Open paulthemagno opened 4 years ago
I have fine-tuned a BERT-NER model and on the eval_result.txt I got these values: P=0.608764 R=0.588080 F=0.594982
In my understanding these results come from the dev dataset (valid). While on the test set I got
processed 40982 tokens with 4577 phrases; found: 4645 phrases; correct: 4158. accuracy: 98.22%; precision: 89.52%; recall: 90.85%; FB1: 90.18 LOC: precision: 92.54%; recall: 92.54%; FB1: 92.54 1394 MISC: precision: 81.21%; recall: 82.31%; FB1: 81.76 676 ORG: precision: 84.54%; recall: 88.56%; FB1: 86.51 1255 PER: precision: 95.30%; recall: 95.45%; FB1: 95.38 1320
I'd like to understand the mismatch respecting the conll standard evaluation script.

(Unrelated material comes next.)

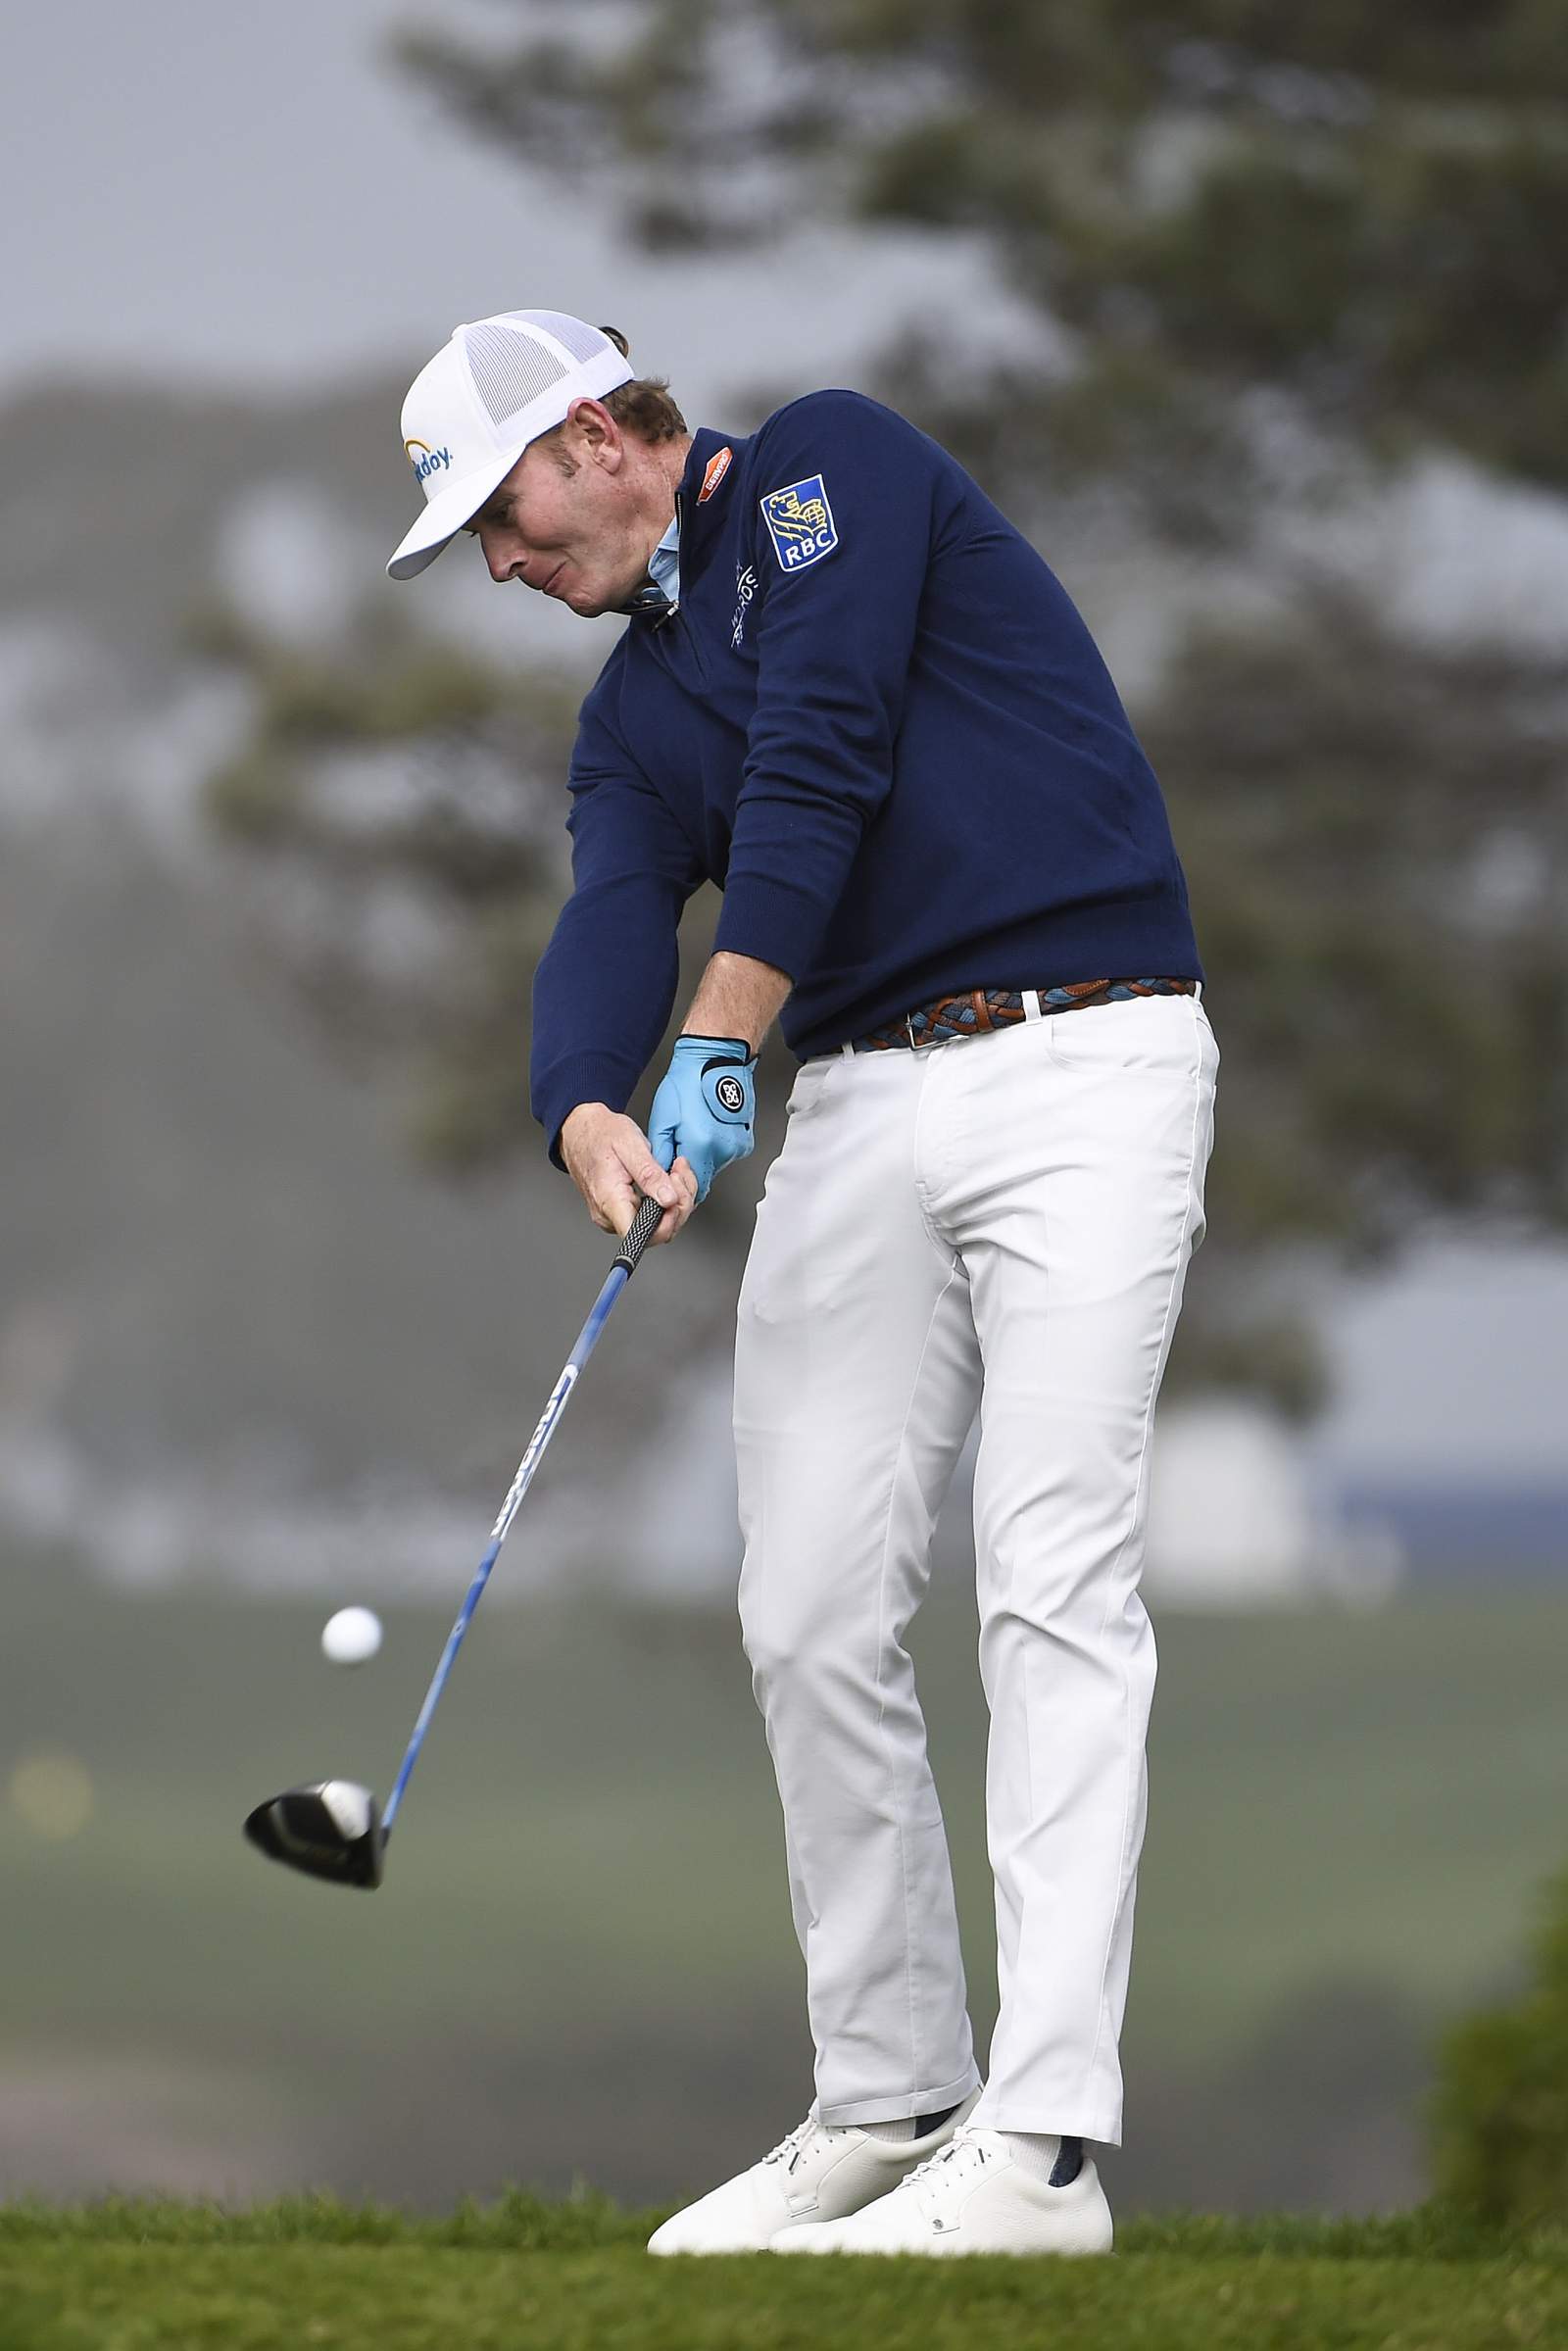 Rahm takes the lead at Torrey Pines with McIlroy lurking

@paulthemagno Is the accuracy problem solved?
I have fine-tuned a BERT-NER model and on the eval_result.txt I got these values: P=0.608764 R=0.588080 F=0.594982
In my understanding these results come from the dev dataset (valid). While on the test set I got
I'd like to understand the mismatch respecting the conll standard evaluation script.